The “Policy Makers” Are Fighting For Their Lives
Something interesting happened on Friday; trading volume exploded on a decline in the Dow Jones. In the BEV chart below I inserted the daily trading volume (mils) for the Dow Jones instead of the usual BEV values to highlight what happened. It wasn’t just the trading volume for the Dow Jones either; trading volume was up everywhere. What does this mean? I think it indicates a lot of people wanted out of the market – now. Friday was the type of day where the PPT had to support the market or we would have seen a larger decline than we see below.

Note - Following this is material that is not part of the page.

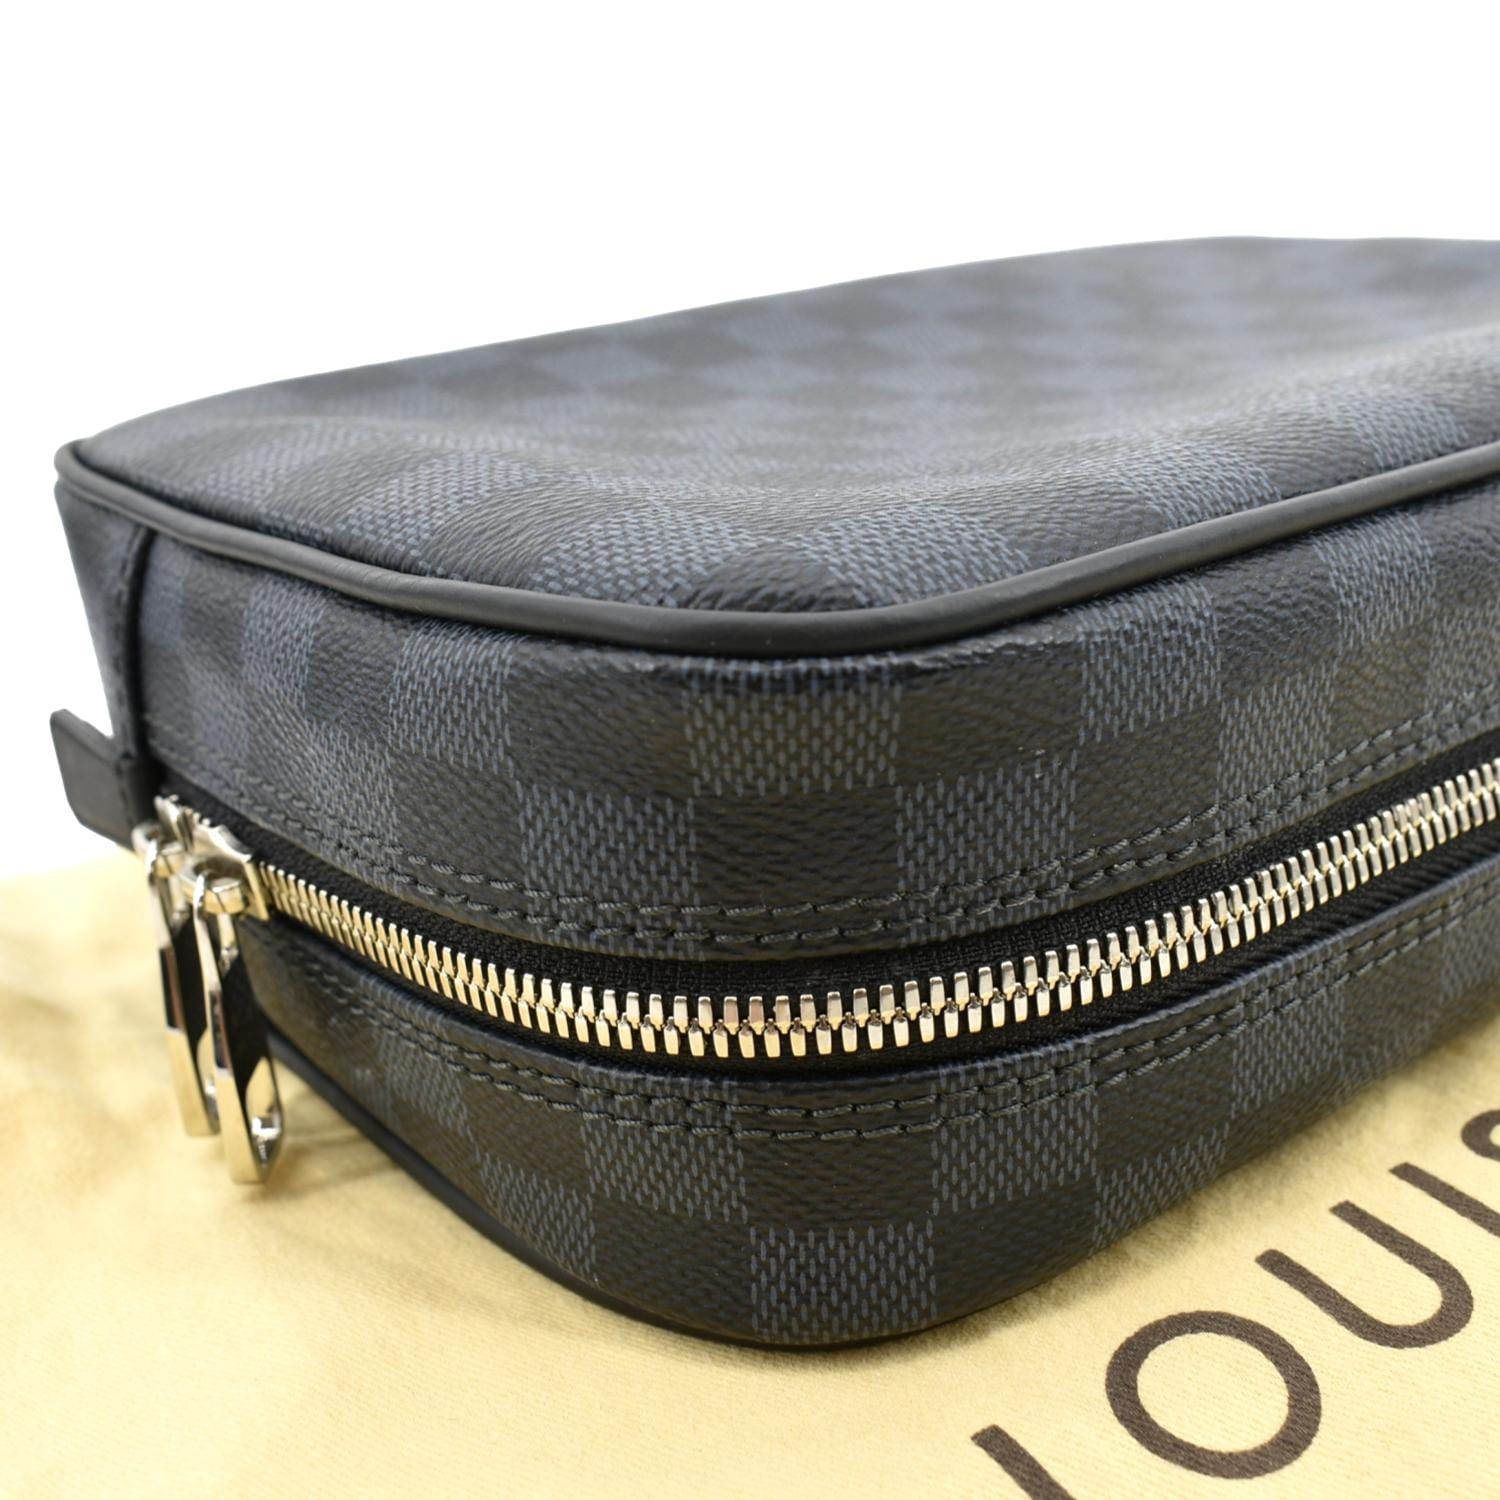 LOUIS VUITTON TOILETRY BAG IN DAMIER GRAPHITE POUCH Grey Leather

But seeing trading volume explode during a single day’s trading isn’t much of an indication of what we can expect in the coming weeks. If this week we continue seeing trading volume increasing, it will be a sure sign of bad things coming at the stock market, and the “policy makers”’ increasing efforts required to support current market valuations.
The chart below is proof positive that the “policy makers” have manipulated market valuations in the stock market for years. Trading volume is best understood as demand for stocks trading in the stock market. From January 1900 to January 2000 (100 years), rising trading volume (rising demand for stocks) occurred in bull markets. Declining trading volume (declining demand for stocks) occurred in bear markets.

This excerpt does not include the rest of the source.